Agrandissement : Illustration 1

Dans Maria de Pablo Larraín, la "prima donna" n’est plus une diva absolue, une star au top de sa forme, plutôt le genre tarée et déchue : il reste d’elle une image de victime, un chagrin d’amour, et le même destin tragique que dans les opéras qu’elle interprétait sur scène. Premier film sur une artiste du cinéaste chilien, Maria commence en 1977 par le décès chez elle de la cantatrice, retrouvée morte par ses deux domestiques (joués par Alba Rohrwacher et Pierfrancesco Favino), dans son splendide salon, avant d'effectuer un léger flash-back, vers les derniers jours de sa vie, à Paris. Admiré pour ses façons plastiques de rechercher le narratif, multipliant matières diverses, goût de l’archive et de la reconstitution, lyrisme virtuose, Pablo Larraín semble dorénavant un cinéaste spécialisé dans les biopics de femmes mythiques, riches et malheureuses, qui travaille avec des moments historiques précis : une semaine après l’assassinat de JFK, dans Jackie (2017), trois jours de festivités de Noël au domaine de la reine en 1991, pour Spencer (2022), autour de Lady Di. C’est sur la dernière semaine de la Callas, la grande rivale de l’ancienne première dame des États-Unis (les deux femmes ont en commun l'irrésistible porc armateur et milliardaire Aristote Onassis), qu’il s'appuie aujourd’hui pour se focaliser sur son héroïne, interprétée par Angelina Jolie, superstar américaine de tous les plans.
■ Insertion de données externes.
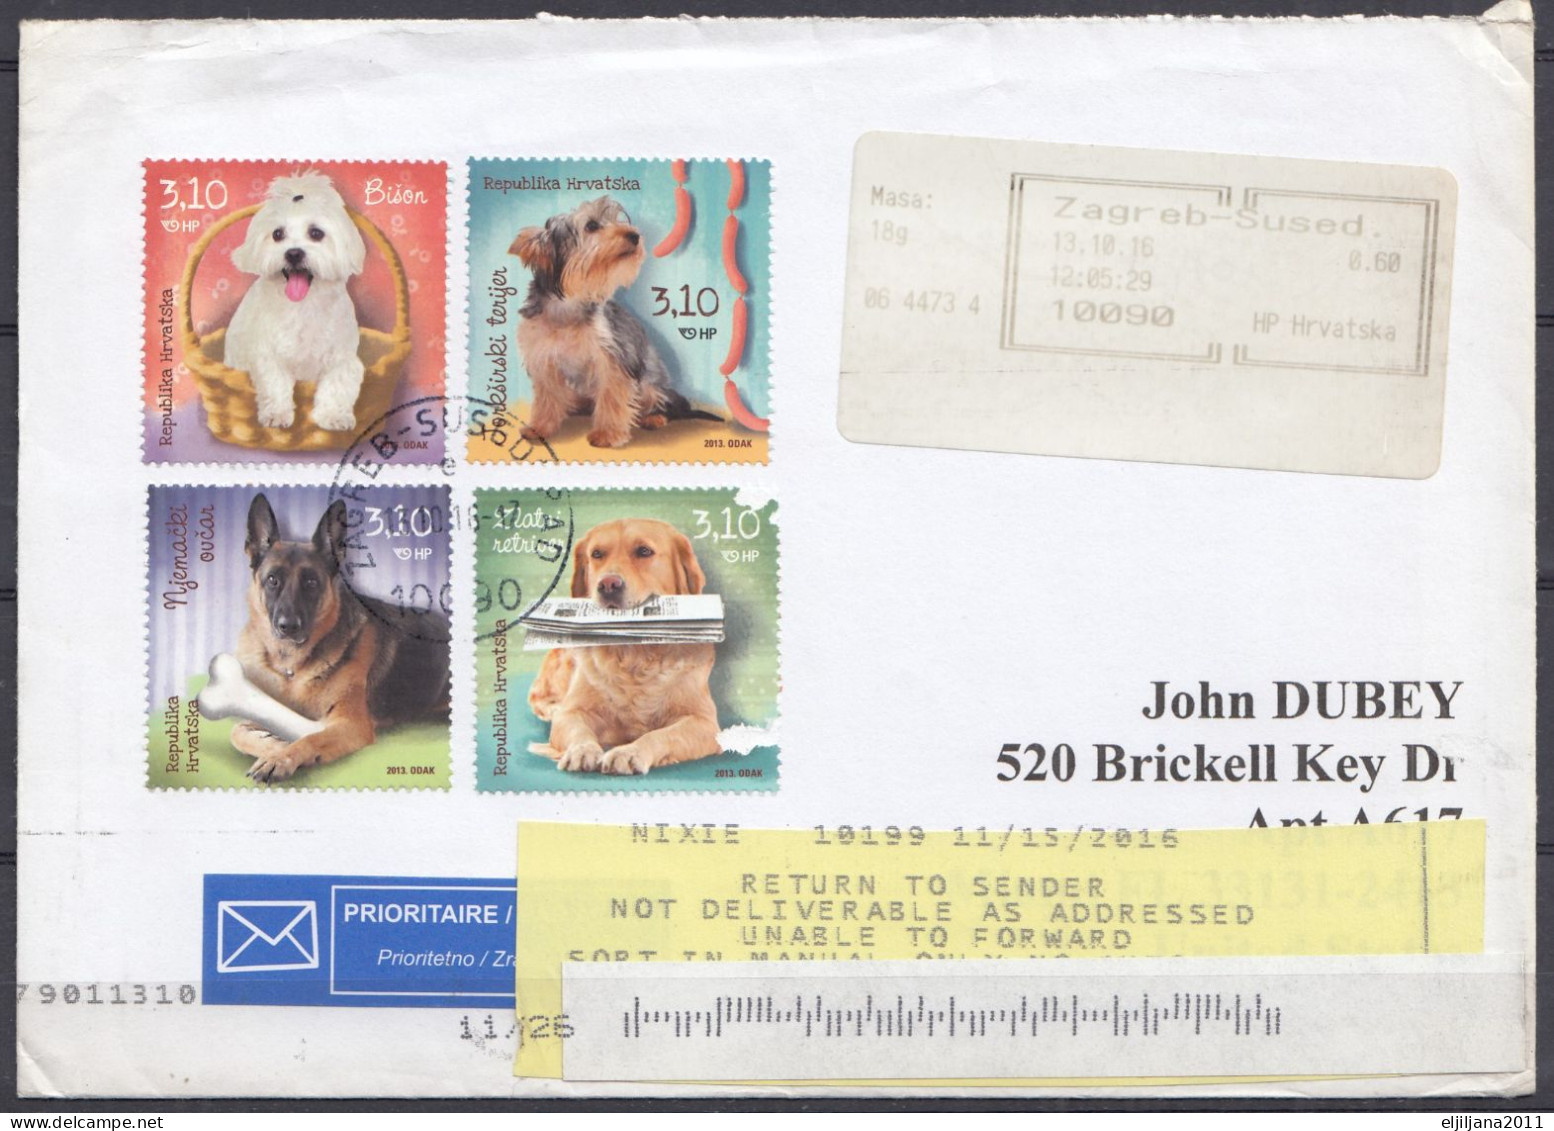 ⁕ CROATIA 2016 Hrvatska ⁕ AIRMAIL Sent To USA, Registered Shipment Returned To The Sender's Address ⁕ With Stamps Pets - Croatia
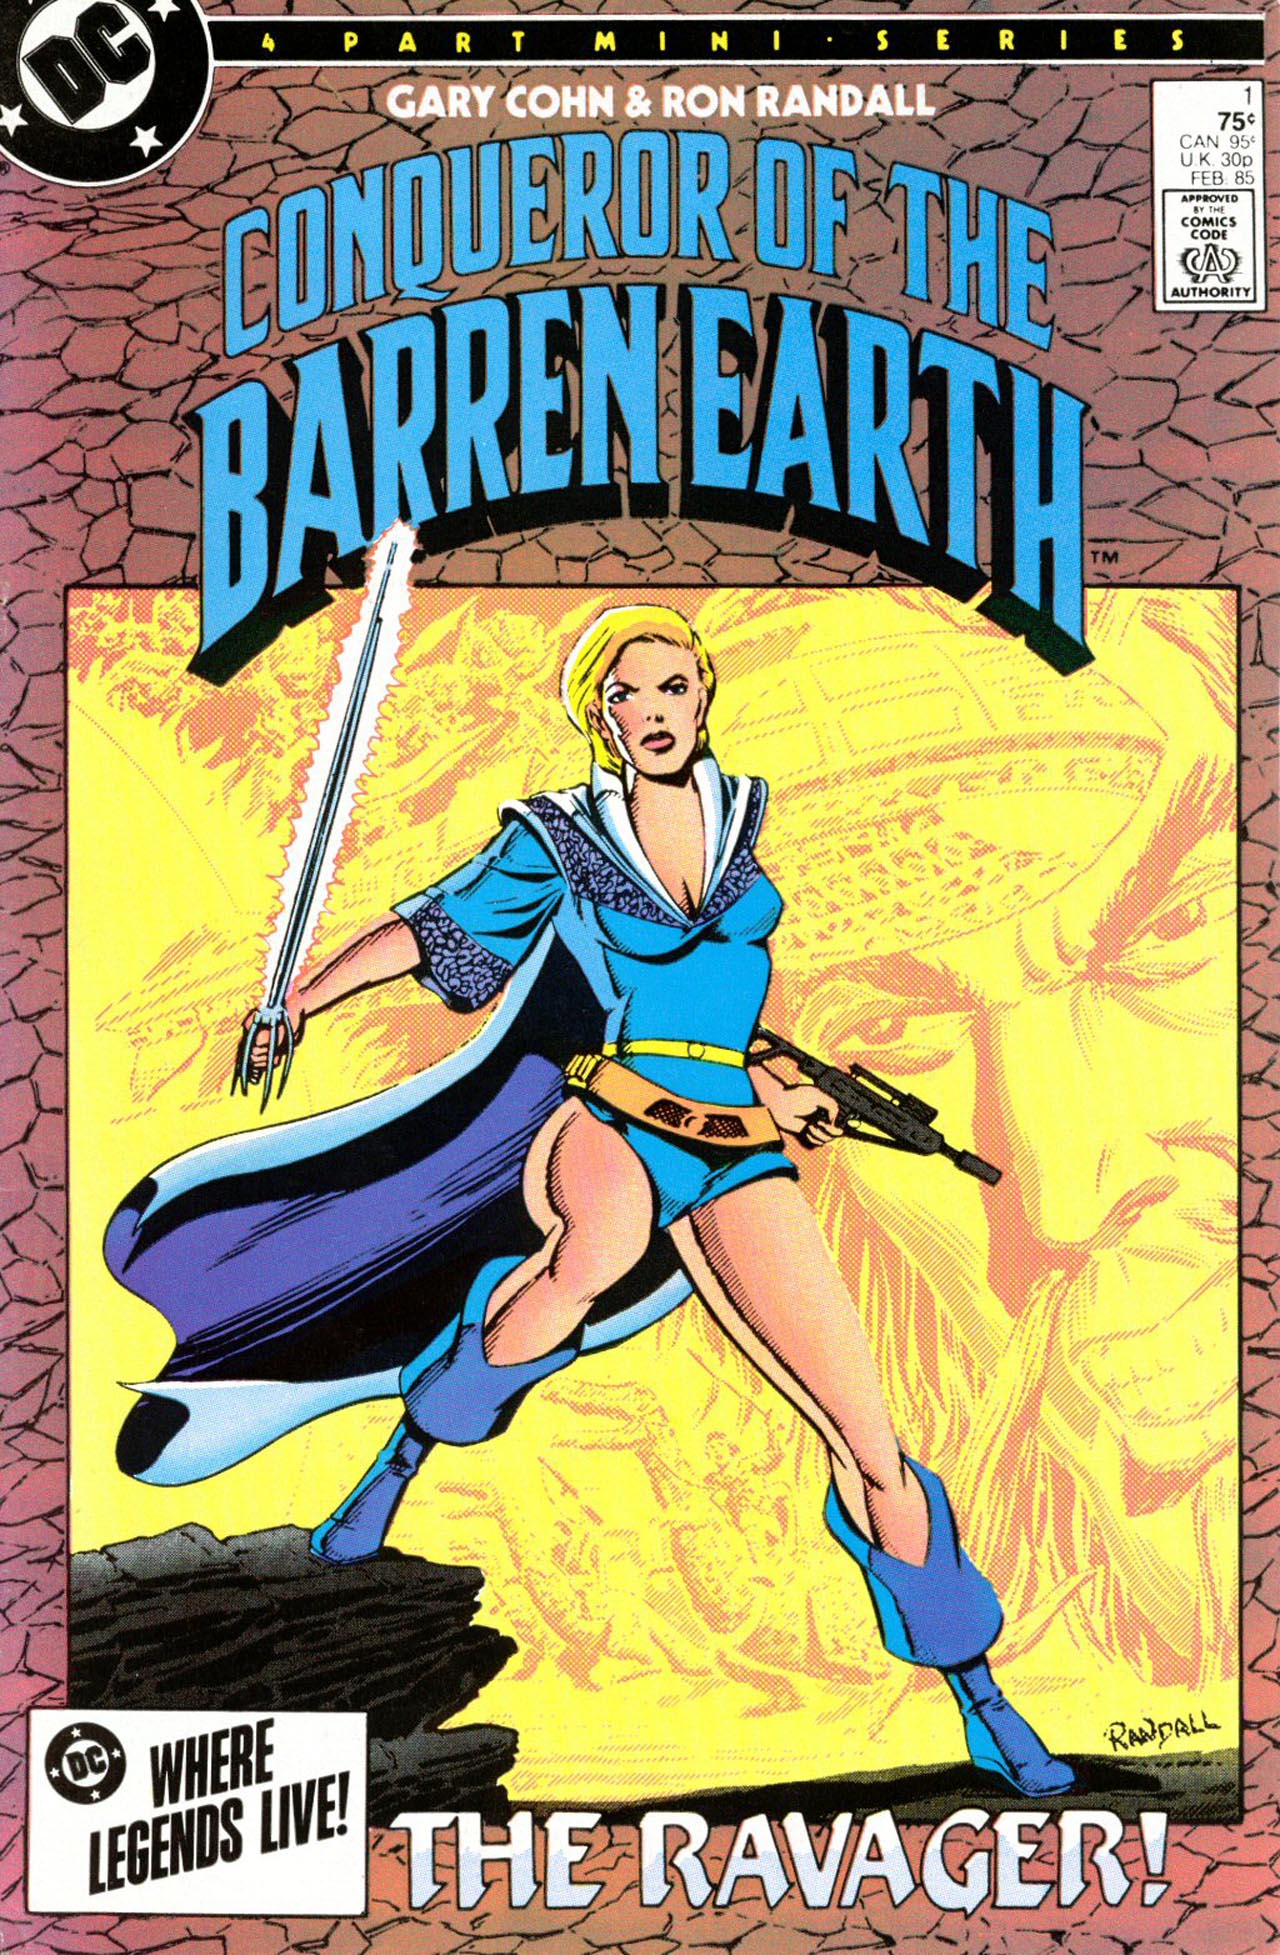 Read online Conqueror of the Barren Earth comic -  Issue #1 - 1

Personnification par un journaliste de sa drogue préférée
Toute la dernière semaine de Maria Callas a lieu en bordure du vertige existentielle, dans cette instance narrative circonstanciée et réussie, la personnification par un journaliste (l’acteur australien Kodi Smit-McPhee) de sa drogue préférée, dont elle abuse, le jeune homme lui faisant revivre des souvenirs, avoir des visions, des flash-backs. C’est là qu’est le vrai et vaste programme du film : la biographie triomphale et intimement triste de la cantatrice. Tout Maria se joue entre deux tragédies, d’un côté la perte progressive de sa voix, de l’autre son grand amour déçu, Onassis ayant choisi Jackie Kennedy, qu’il a épousée en 1968. Le film ne s’abandonne vraiment à aucune des deux, s'en tient à cette double formule enrichie d'un Best Of et d'un traumatisme originel pour encore plus nous émouvoir. La mise en scène classieuse de Larraín, faite de beaux mouvements de caméra, de décors somptueux, confine ici à un académisme feutré qui, ne cherchant pas à se libérer des carcans et des fourrures, échoue à susciter l’émotion, tire vers ce qu’il faut bien se résoudre à appeler imagerie chic ou publicitaire : quelque chose qui va droit à l’image, pas au coeur.
L'ombre d'un désintérêt
Et la fragmentation narrative, qui est l’art de Larraín, son domaine - cette quête d’un libre rayonnement dans l’espace et le temps, qui fait le déploiement formel de son cinéma en général - reste, malgré tous les gracieux mélanges de régimes d'images, à l’état de bonne copie, de bel canto. On voit ce que Maria travaille, brouillant les pistes, mêlant constamment les vraies archives (la Callas sur scène, de loin) et les fausses (les flash-backs fictionnels et non documentaires). Mais Maria ne prenant jamais le risque de se salir en allant jusqu'au bout avec son personnage, d’accompagner véritablement le désespoir d’une fin dans la vie, ne s’élève jamais. Une main invisible semble avoir retenu son geste, comme l’ombre d'un désintérêt, cette mélancolie de happy few qu’une simple vie sans triomphes, au milieu de domestiques, même adorables, ne pouvait suffire à soigner.